Perspektif kita memandang manusia sebagai bagian integral dari alam dengan perilaku penuh rasa tanggung jawab serta penuh sikap hormat termasuk pula kepada masyarakat lokal dalam lokus kepercayaan tradisional dan peduli terhadap keberlangsungan seluruh ladang kehidupan di alam semesta, guyub telah menjadi pwradigma dan perilaku yang notabene kearifan lokal minded. 

Komunitas lokal masyarakat pesisir pulau-pulau kecil Gumi Paer Daya, mesti kita yakini akan masih tetap bertahan di tengah hempasan arus pergeseran oleh desakan pola pandangan dan perilaku ilmu pengetahuan dan teknologi modern ala Cartesian tersebut. Cara pandang masyarakat lokal yang lebih menganggap modal alam sebagai subjek moral (sesuatu yang sakral) dengan sikap penghormatan terhadap alam dalam kepercayaan tradisional dan eksistensi masyarakat supranatural (spritualisme), benar-benar mencerminkan karakteristik sosial budaya yang terpelihara dalam keunikan nilai-nilai budaya lokal. Keterpaduan keduanya sesungguhnya sebagai substansi penting dalam perubahan paradigma dari Cartesian yang antroposentris kepada paradigma yang holistik. Konsepsi pembangunan yang mengajak kita untuk kembali kepada kearifan komunitas masyarakat. 

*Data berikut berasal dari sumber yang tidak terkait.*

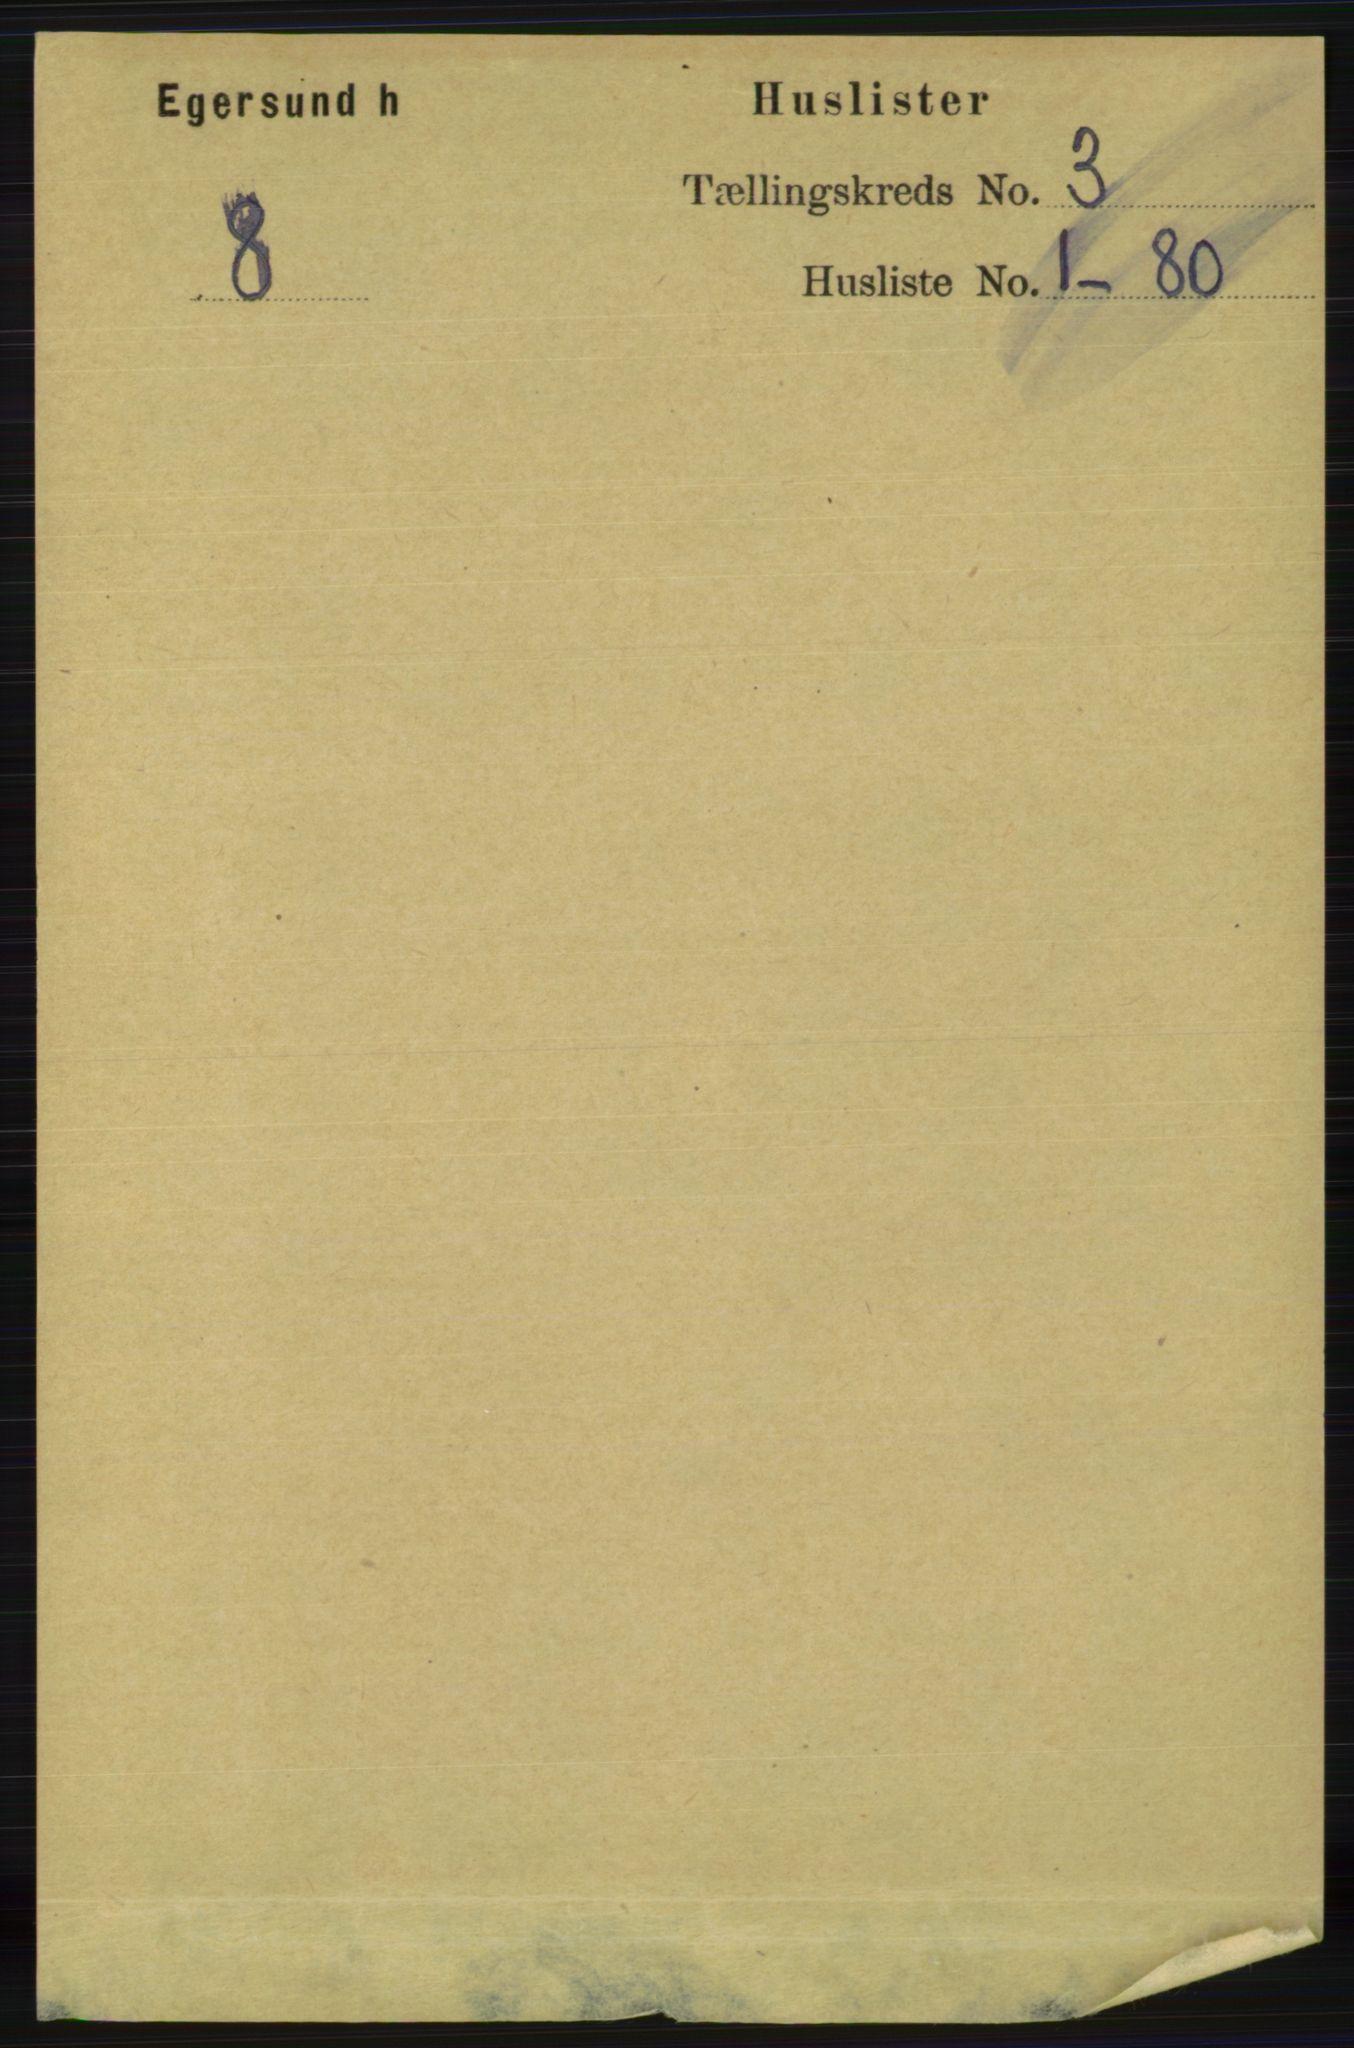 RA, Folketelling 1891 for 1116 Eigersund herred, 1891, s. 900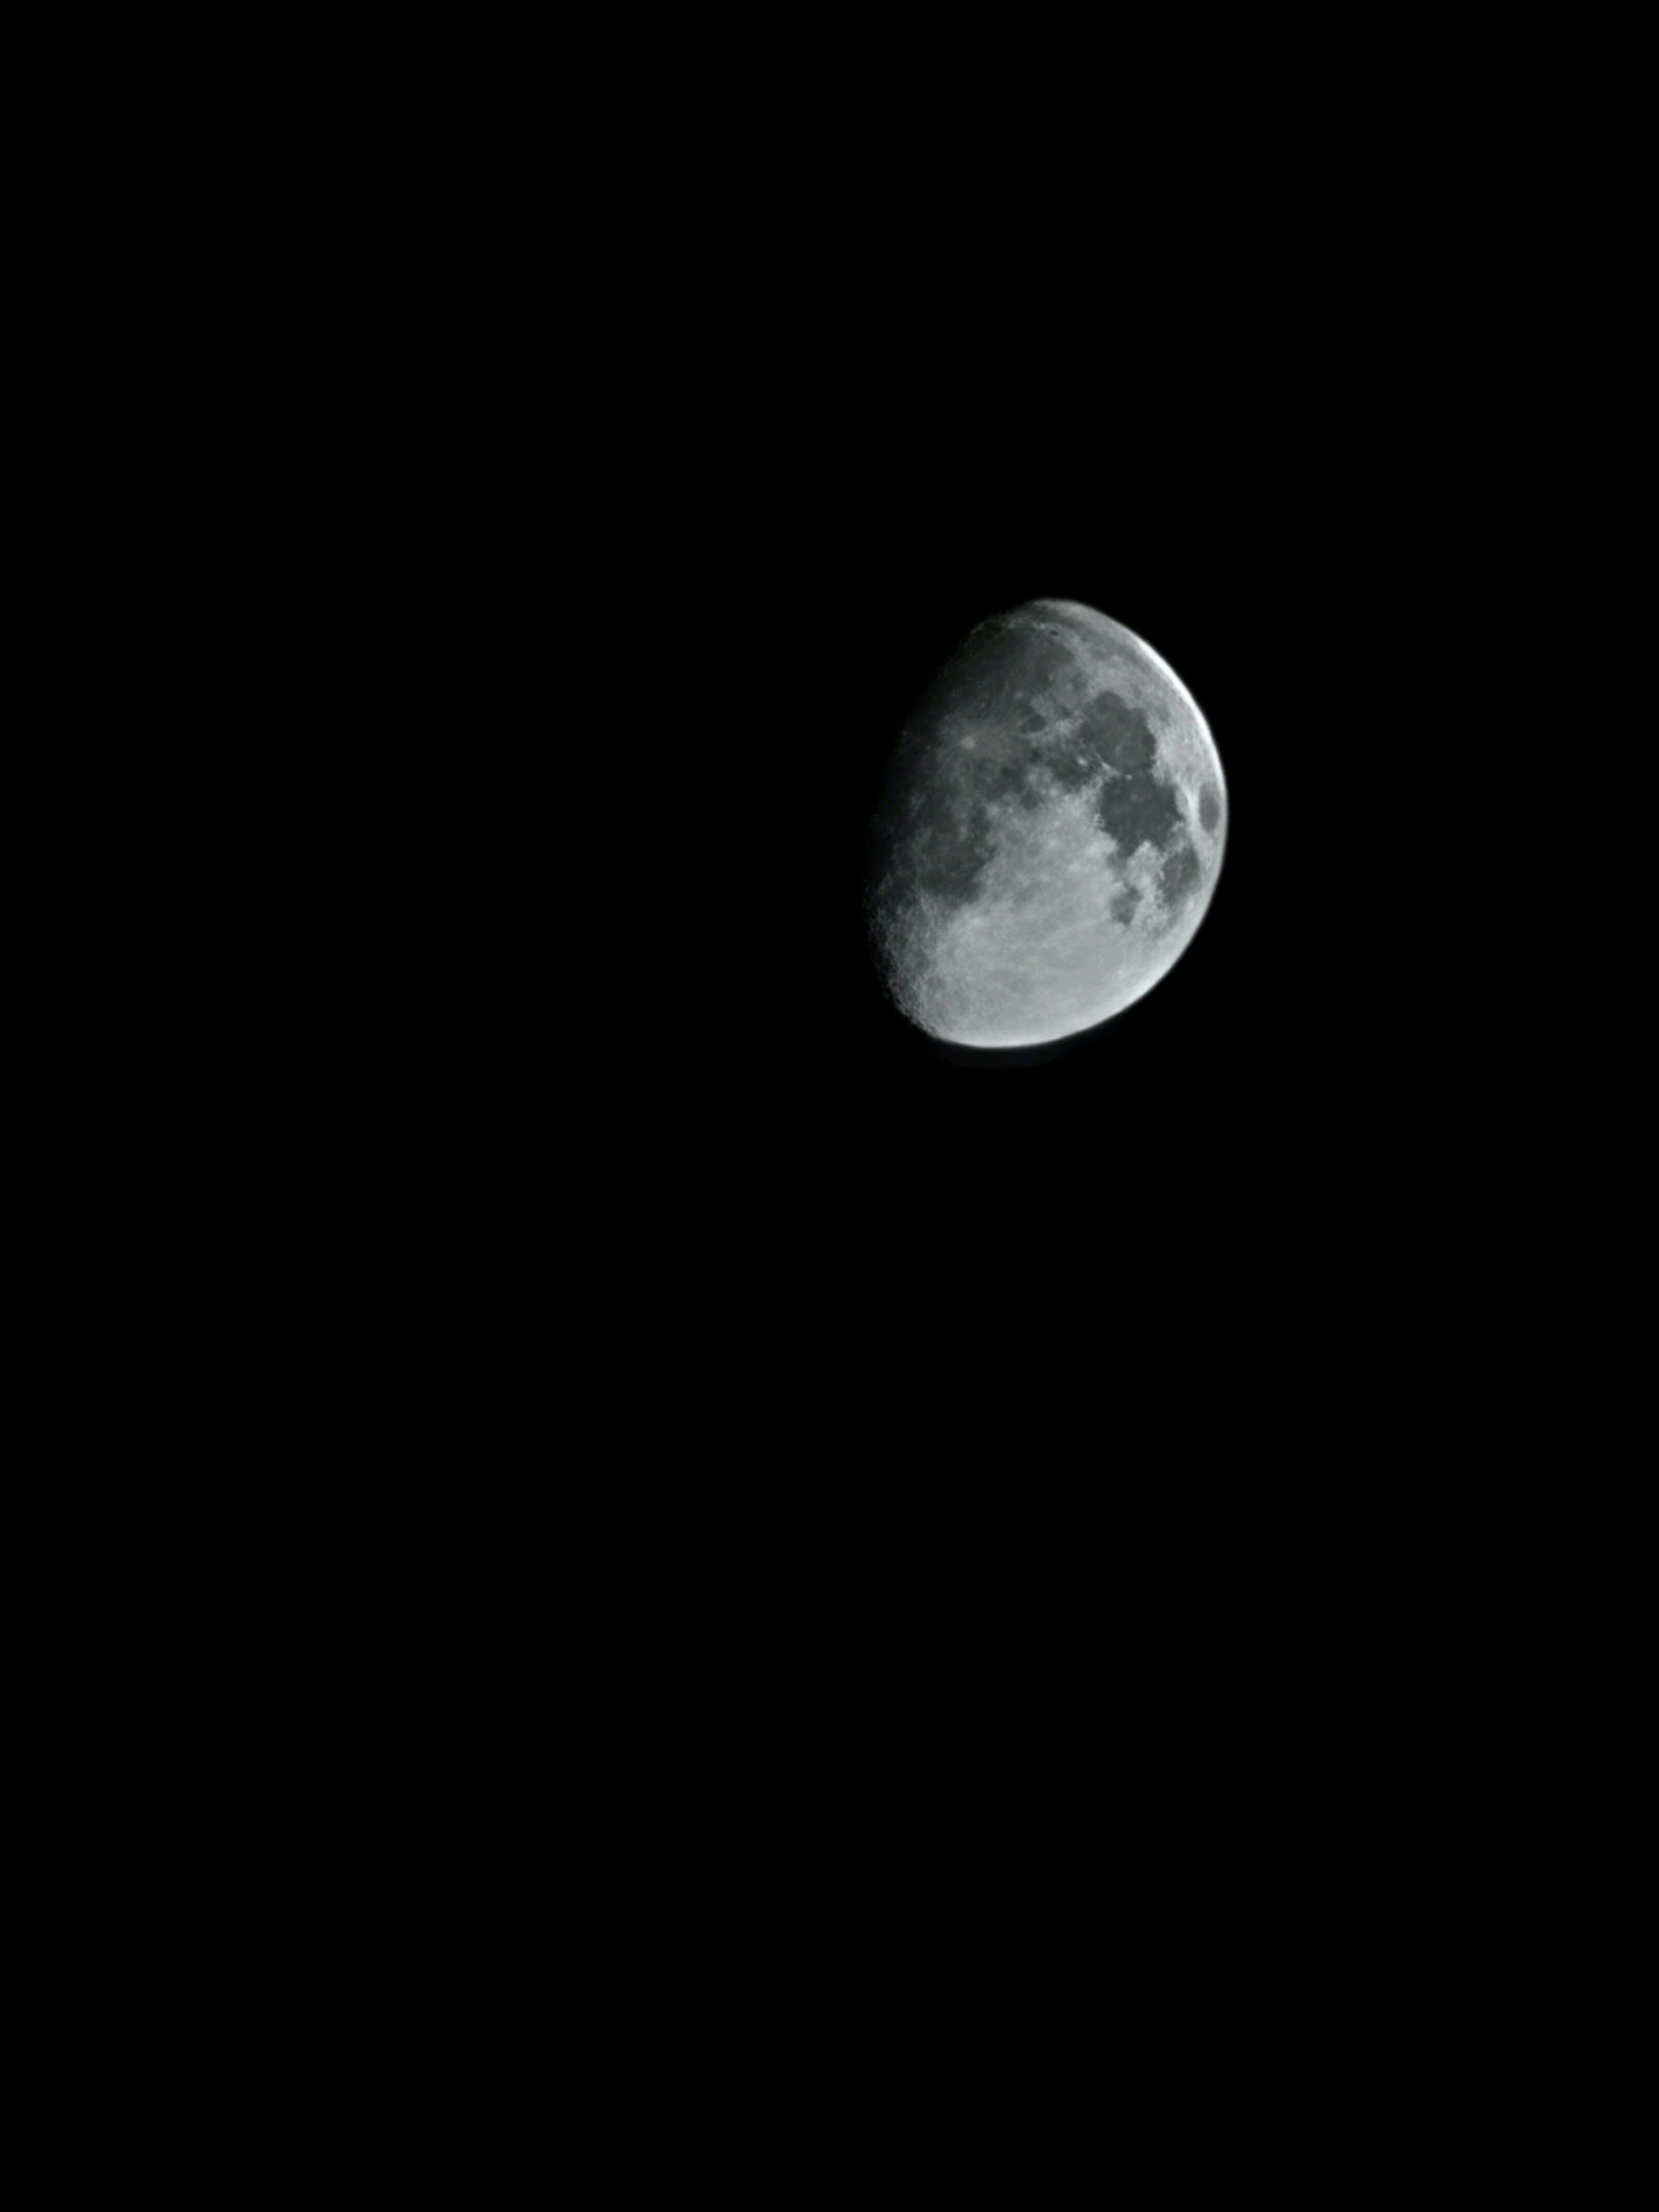 Moonlight :) - Taken by @r_sylvar

Bahkwn integrasi konsepsi nilai potensi lokal, nilai budaya lokal dan konsepsi spritualisme lingkungan dapat kita jadikan model konseptual verbal dalam konteks pengelolaan sumberdaya alam bagi para pengambil kebijakan dalam merumuskan perencanan pembangunan melalui pendekatan-pendekatan yang berpihak terhadap keberlangsungan atau keberlanjutan lingkungan. Inilah kunci dari konsep dasar pembangunan pariwisata berkelanjutan yang harus diangkat oleh Pemerintah Daerah Lombok Utara kedepan. Dan, hanya dengan memadukan keunikan nilai-nilai potensi lokal, budaya lokal dengan dorongan kesadaran yang tinggi dan keinsyafan manusialah yang dapat menjaga keseimbangan atau sumberdaya alam (lingkungan) bagi generasi mendatang. 

Vandana Shiva dalam Keraf (2005), mengingatkan kita semua bahwa“tanah bukan sekedar rahim bagi reproduksi kehidupan biologis, melainkan juga reproduksi kehidupan budaya dan spritual”. ini berarti penataan dan pengelolaan sumberdaya alam hendaknya tak hanya memperhatikan faktor fisik dan ekonomi semata, namun aspek sosial dan budaya lokal terutama keunikan dan kekhasan nilai-nilai kearifan lokal menjadi sebuah faktor yang tidak boleh sama sekali dikesampingkan. 

Dalam konteks perencanaan spasial pembangunan sektor kepariwsiataan kita harus pula mengatensi keberlanjutan sumberdaya lokal. Sebagaimana pendapat Sudaryono dalam Herman (2009), bahwa ada lima konsep yang sangat penting dan mendasar bagi perencanaan spasial dalam framing keberlanjutan sumberdaya lokal, meliputi radius keunikan, eksistensi spasial, ketahanan spasial, penguatan komunitas lokal, dan solusi lokal. Semoga.